WHAT TO PRODUCE: Reproduce word for word every line from the one containing "natural reflected green" to the final line of the data below; omit the pictures.

------ SUPPLIED MATERIAL

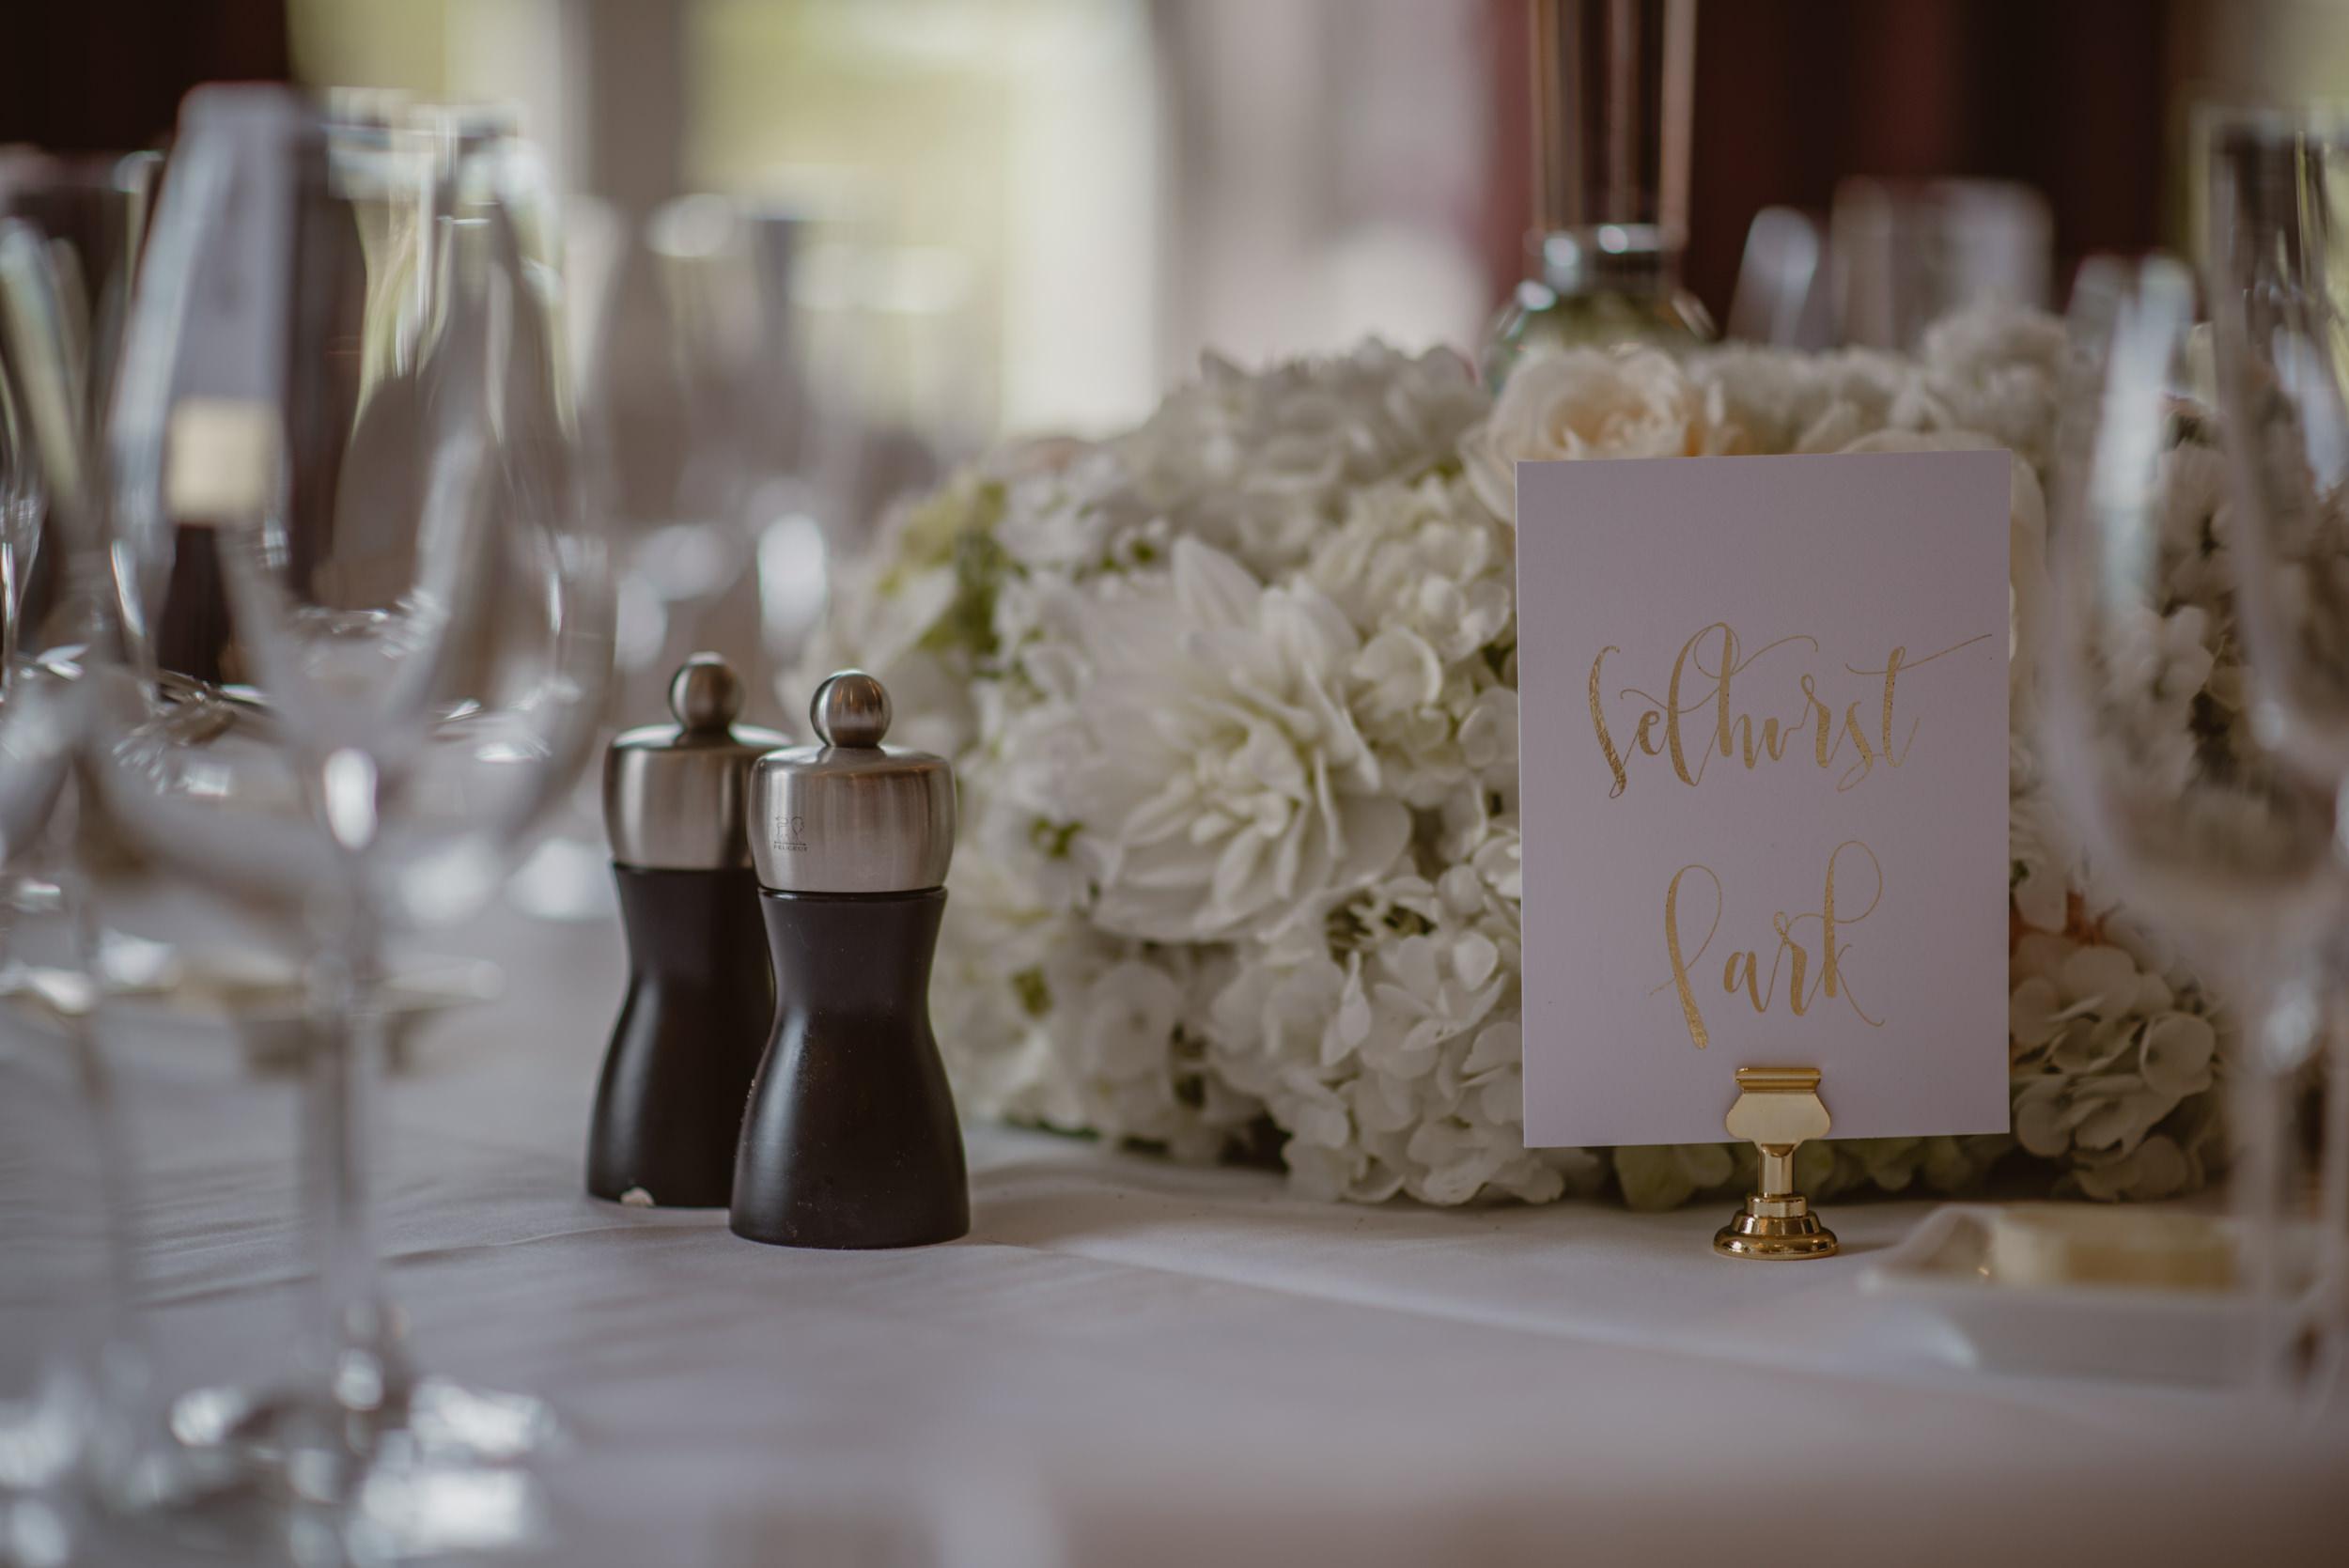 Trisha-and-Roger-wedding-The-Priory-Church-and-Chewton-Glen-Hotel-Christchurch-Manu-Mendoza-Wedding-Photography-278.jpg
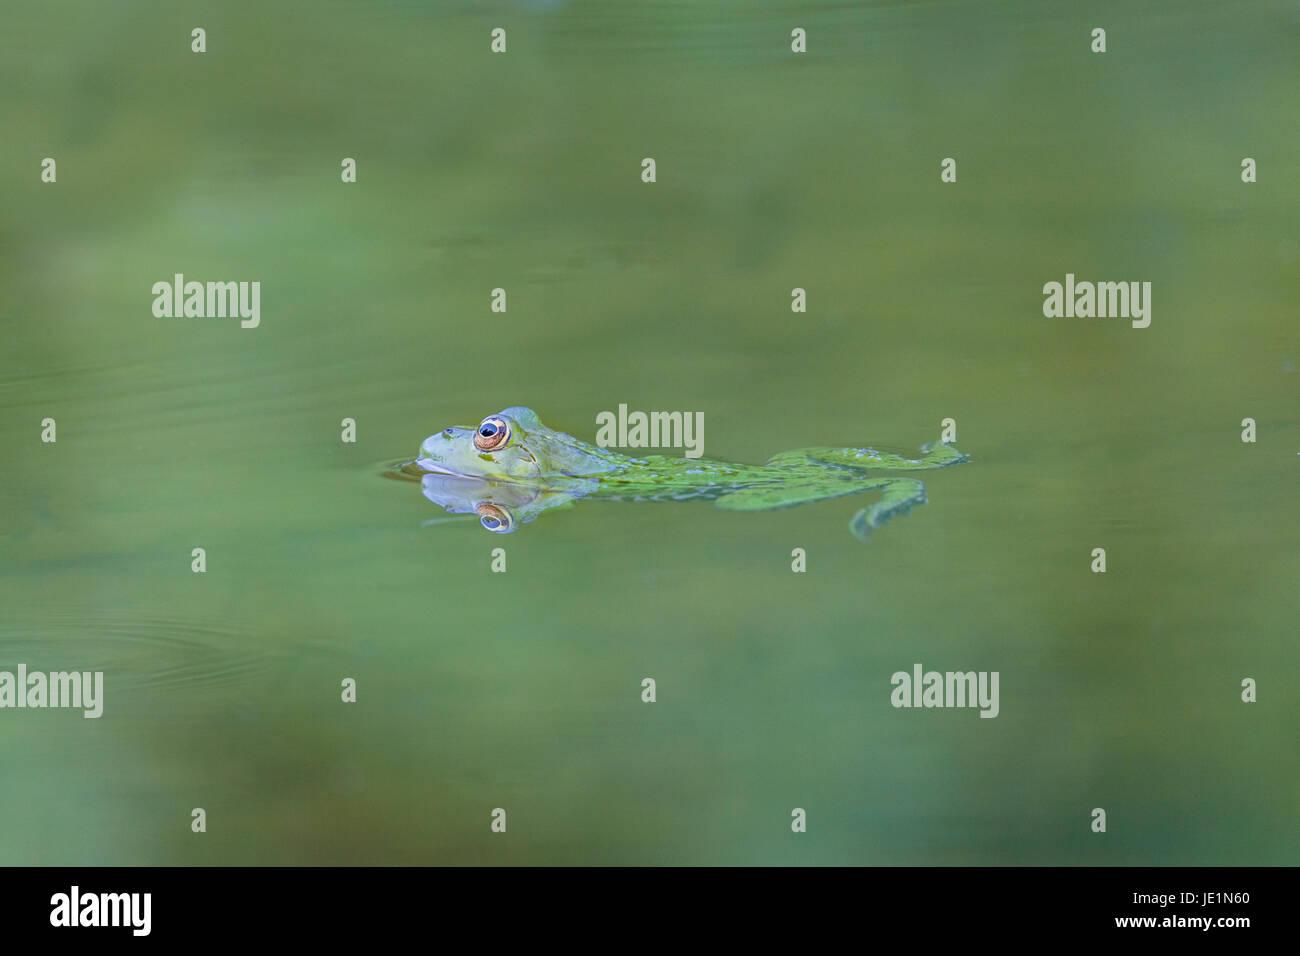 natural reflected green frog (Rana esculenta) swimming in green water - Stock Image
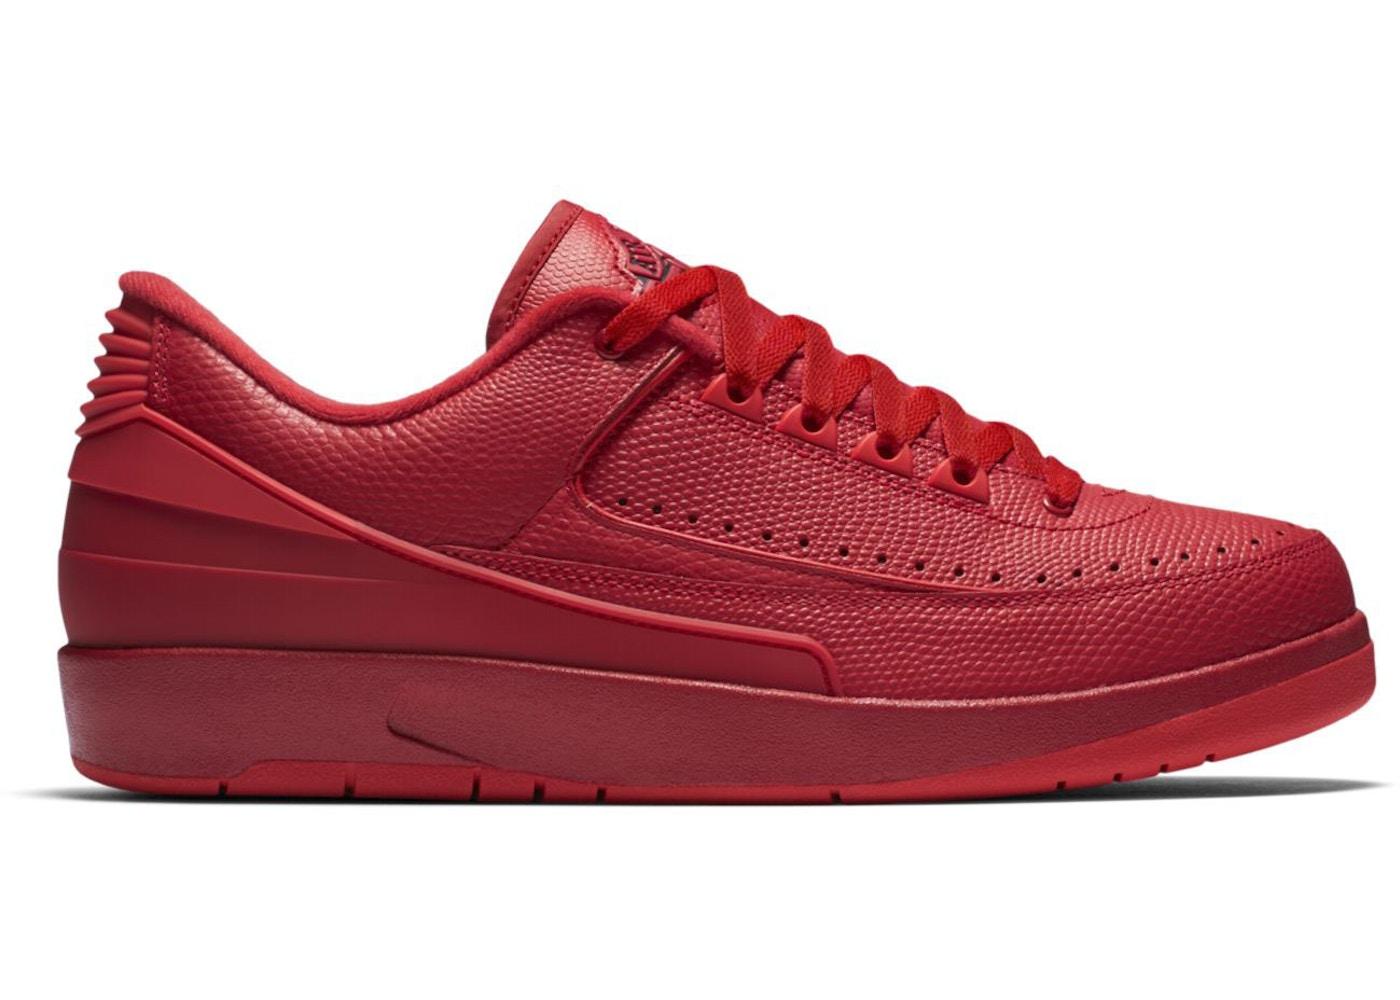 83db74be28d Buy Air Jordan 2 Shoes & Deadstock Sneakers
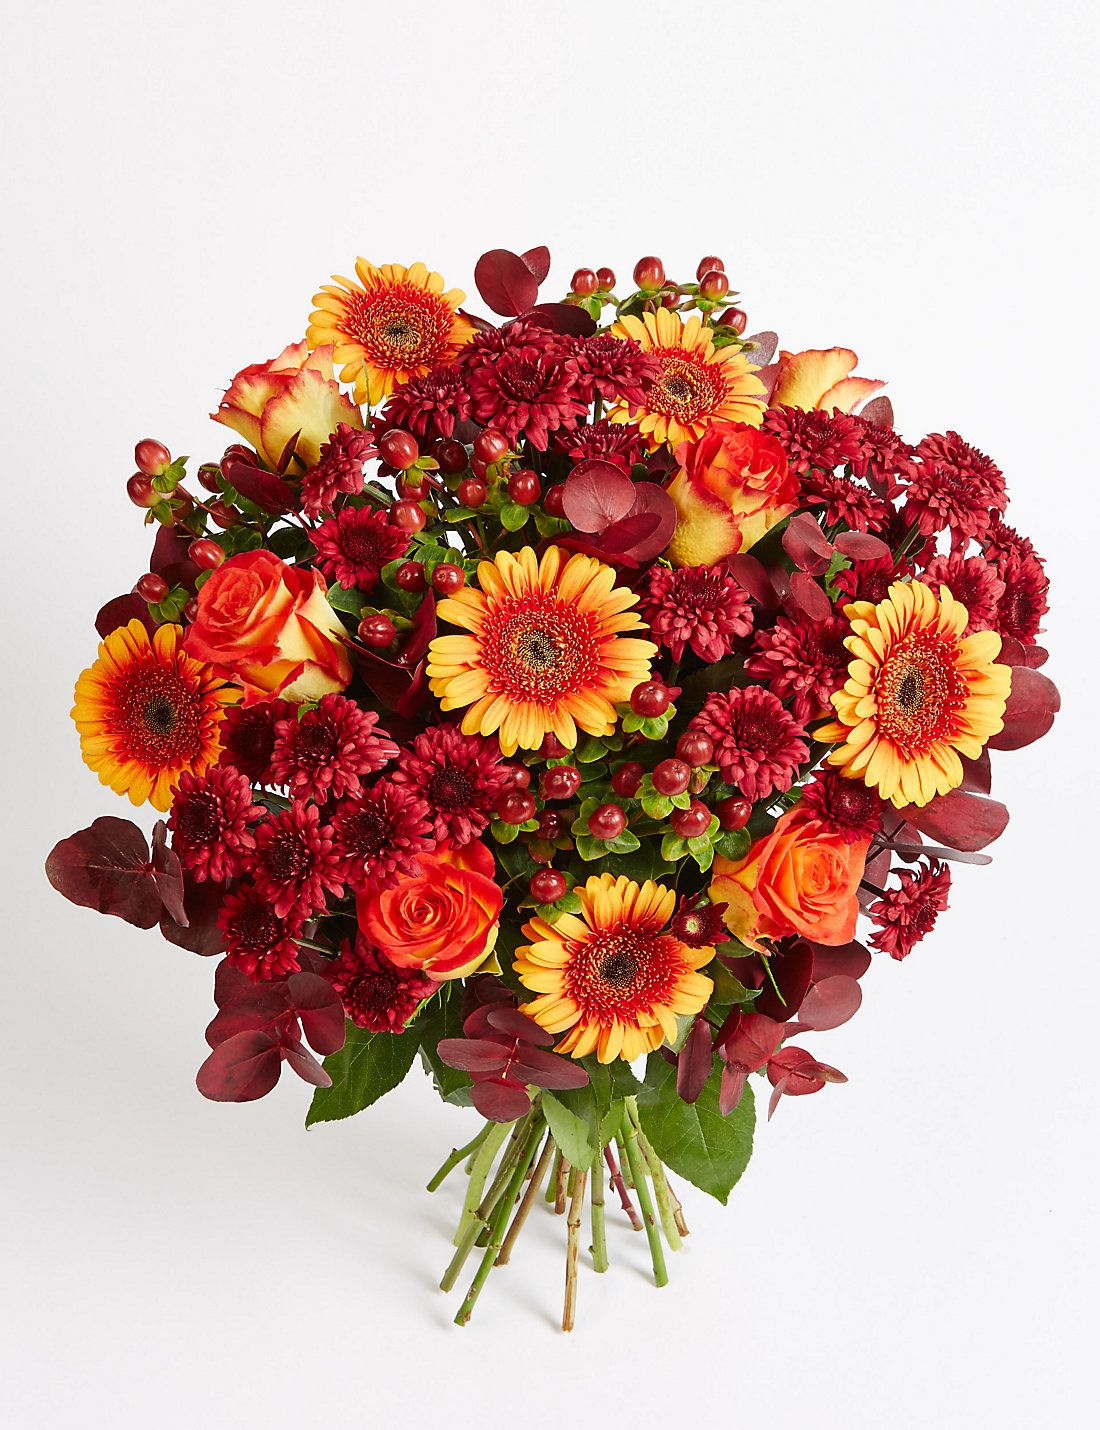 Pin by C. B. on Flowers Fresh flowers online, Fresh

------------

YOUR SOLUTION:
 natural reflected green frog (Rana esculenta) swimming in green water - Stock Image
 83db74be28d Buy Air Jordan 2 Shoes & Deadstock Sneakers
 Pin by C. B. on Flowers Fresh flowers online, Fresh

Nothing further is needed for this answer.